I have a long list of injury problems, i shall give you a small history of my injury troubles.
I’ve had Major arthroscopic surgery on my right shoulder, which is my bowling arm, about 6 yrs ago for a SLAP tear repair.Recovery from that took me about 2 to 3 yrs after which i have had multiple injuries to my lower body.
I have pulled my back muscle while doing crunches in the gym , i have pulled my quadriceps twice and also my hamstring muscles , and all these tears have happened while i was doing intense sprints. Mainly towards the end of my training sessions. I fear that everytime i do an all out sprint , i may injure myself again.
I feel that i have decent upper body strength but very poor lower body strength and also very poor flexibility. Cardiovascular fitness is also decent but not great.
What sort of training plan would you suggest that i try from your website ? and also , do you have any other advice for me as i strongly feel that my fitness is the only thing holding me back from being an international level athlete.
Regards – A
Answer
In general, I believe increasing your relative strength will increase your durability. I don’t regularly work with team sport athletes, but feel this still applies.

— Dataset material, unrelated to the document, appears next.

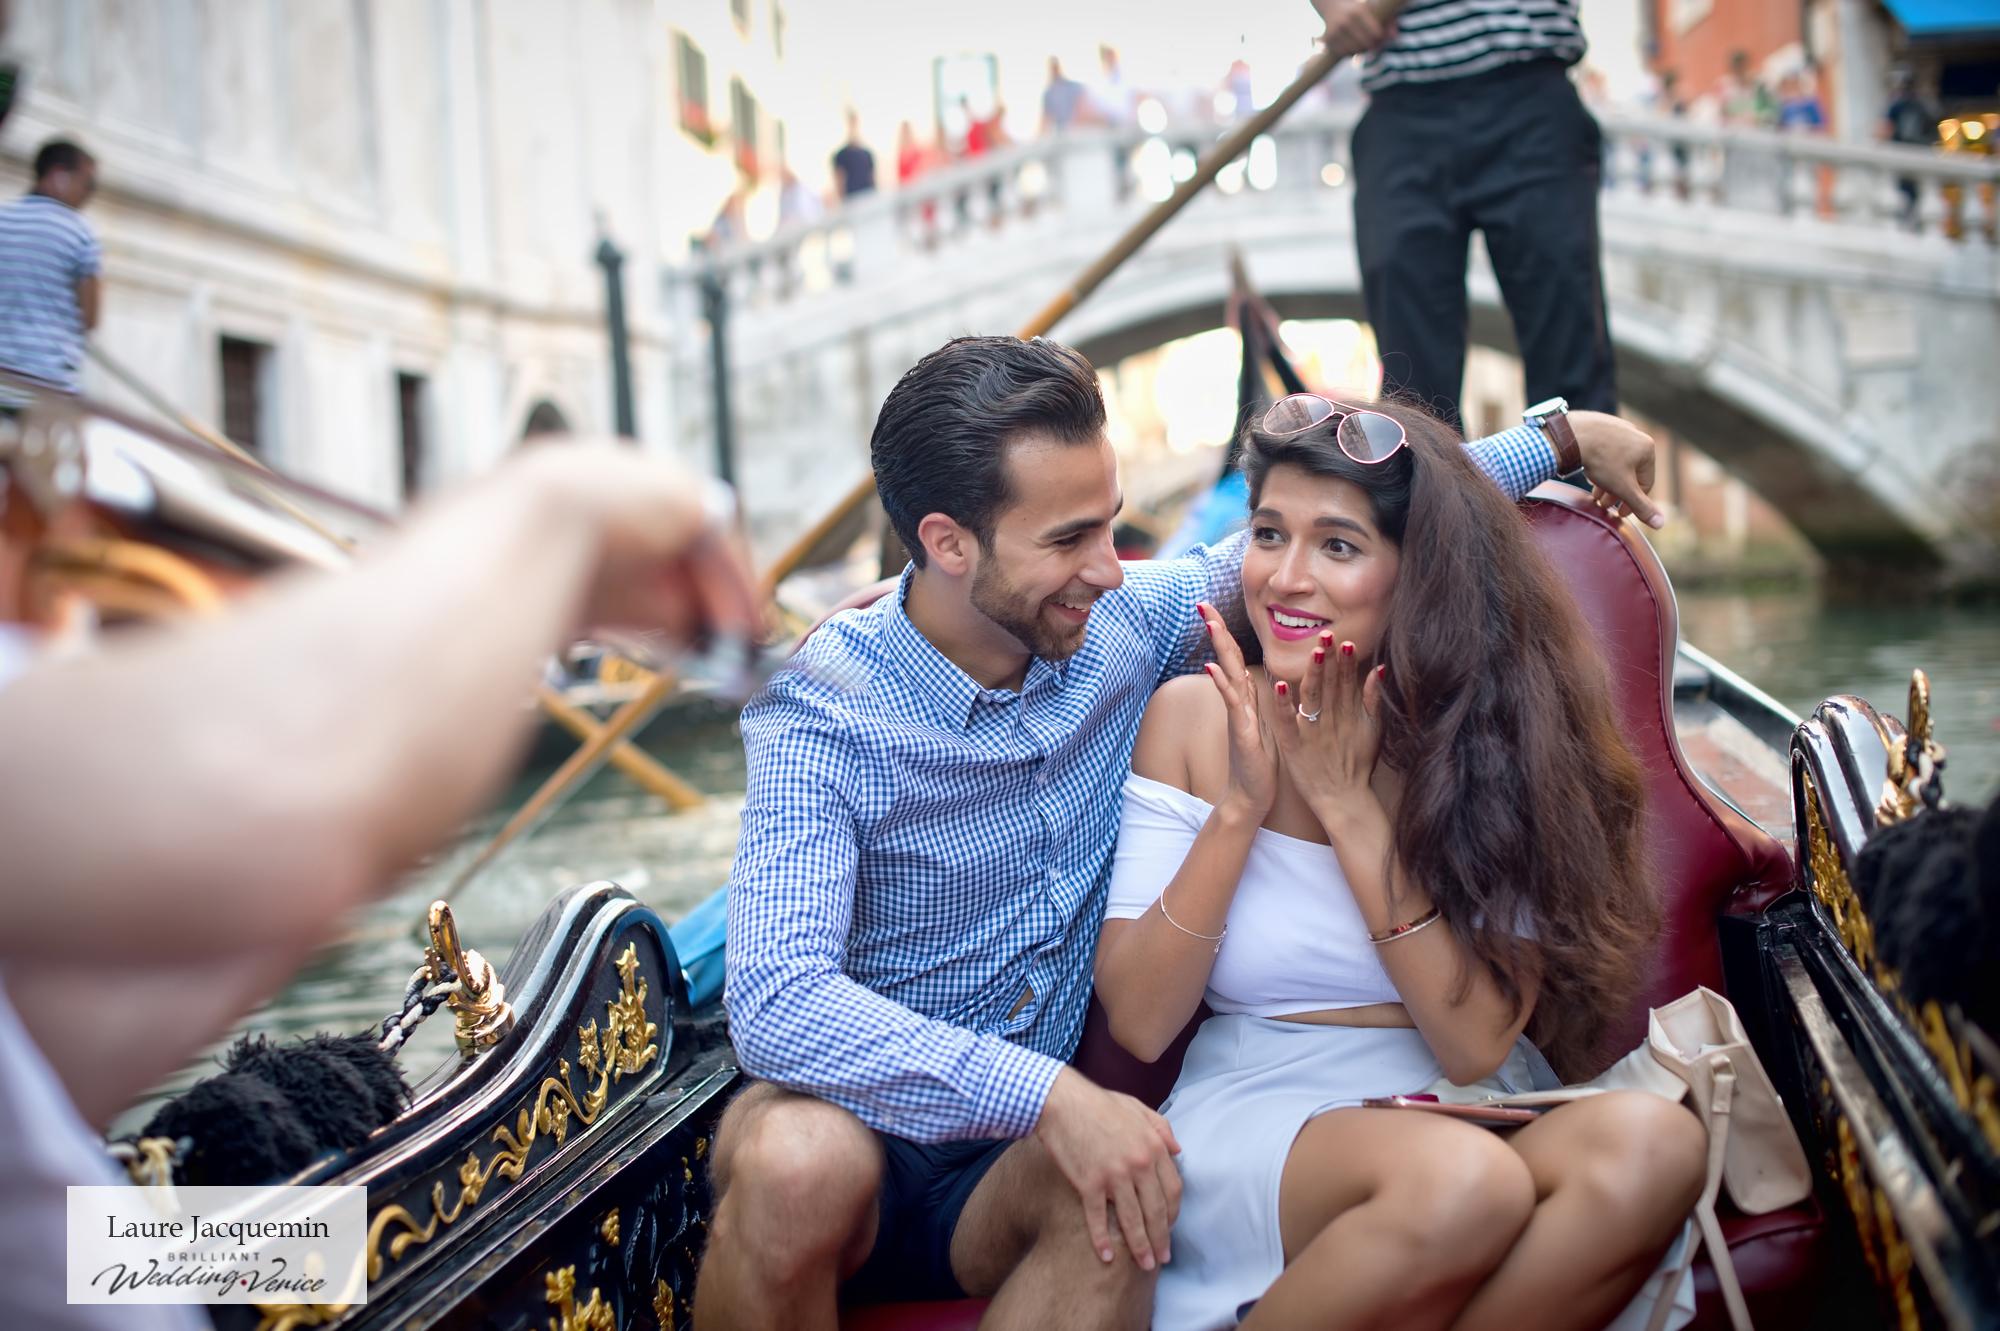 venise gondole banner fiancaille photographe demande mariage laure jacquemin (17)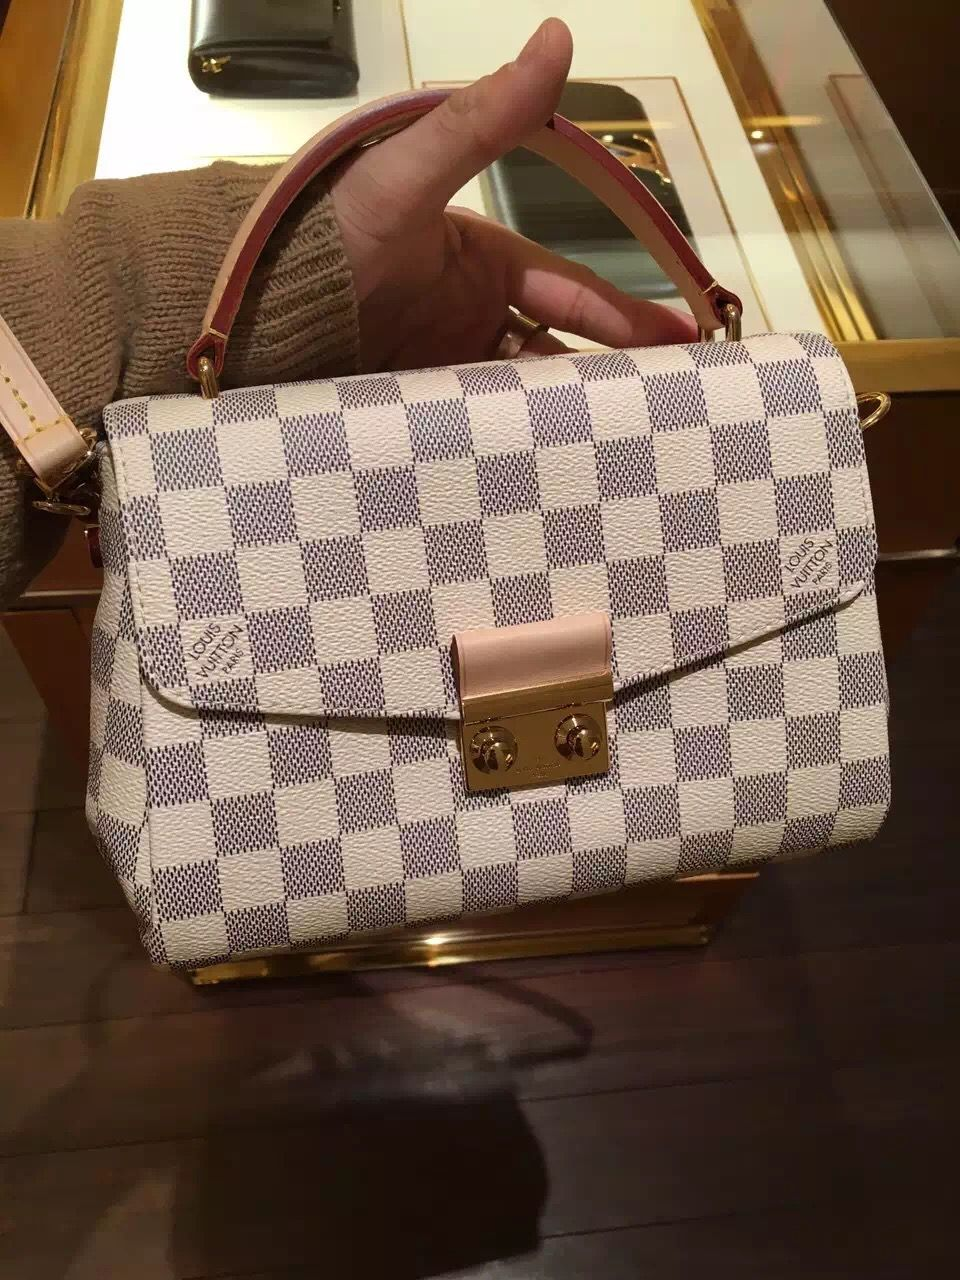 74a3c76f1a4d Louis Vuitton Damier Azur Croisette Bag N41581 www.luxvipshopper.com  N41581 …

From our stuff, I’d recommend you begin with the Bodyweight Foundation training plan (http://mtntactical.com/shop/bodyweight-foundation-training-plan/).
Don’t be fooled by “bodyweight” – this plan deploys a beginning assessment and progressions are based upon your assessment results. This means, no matter how fit and strong you are going in, this plan will push you. In addition to building foundational strength, the plan includes sprint, agility and conditioning work, as well as some short to mid distance running.
Monday, Wednesday and Friday, at the end of the session, I want you to add in Shoulder Blasters (http://mtntactical.com/exercises/shoulder-blaster/). This is a simple, but brutal, shoulder strength endurance complex which will focus on building durability in your shoulders and rotator cuffs. First 3 weeks of the plan, do three sets, with 60 seconds rest between. Last 3 weeks of the plan, push to 4 sets.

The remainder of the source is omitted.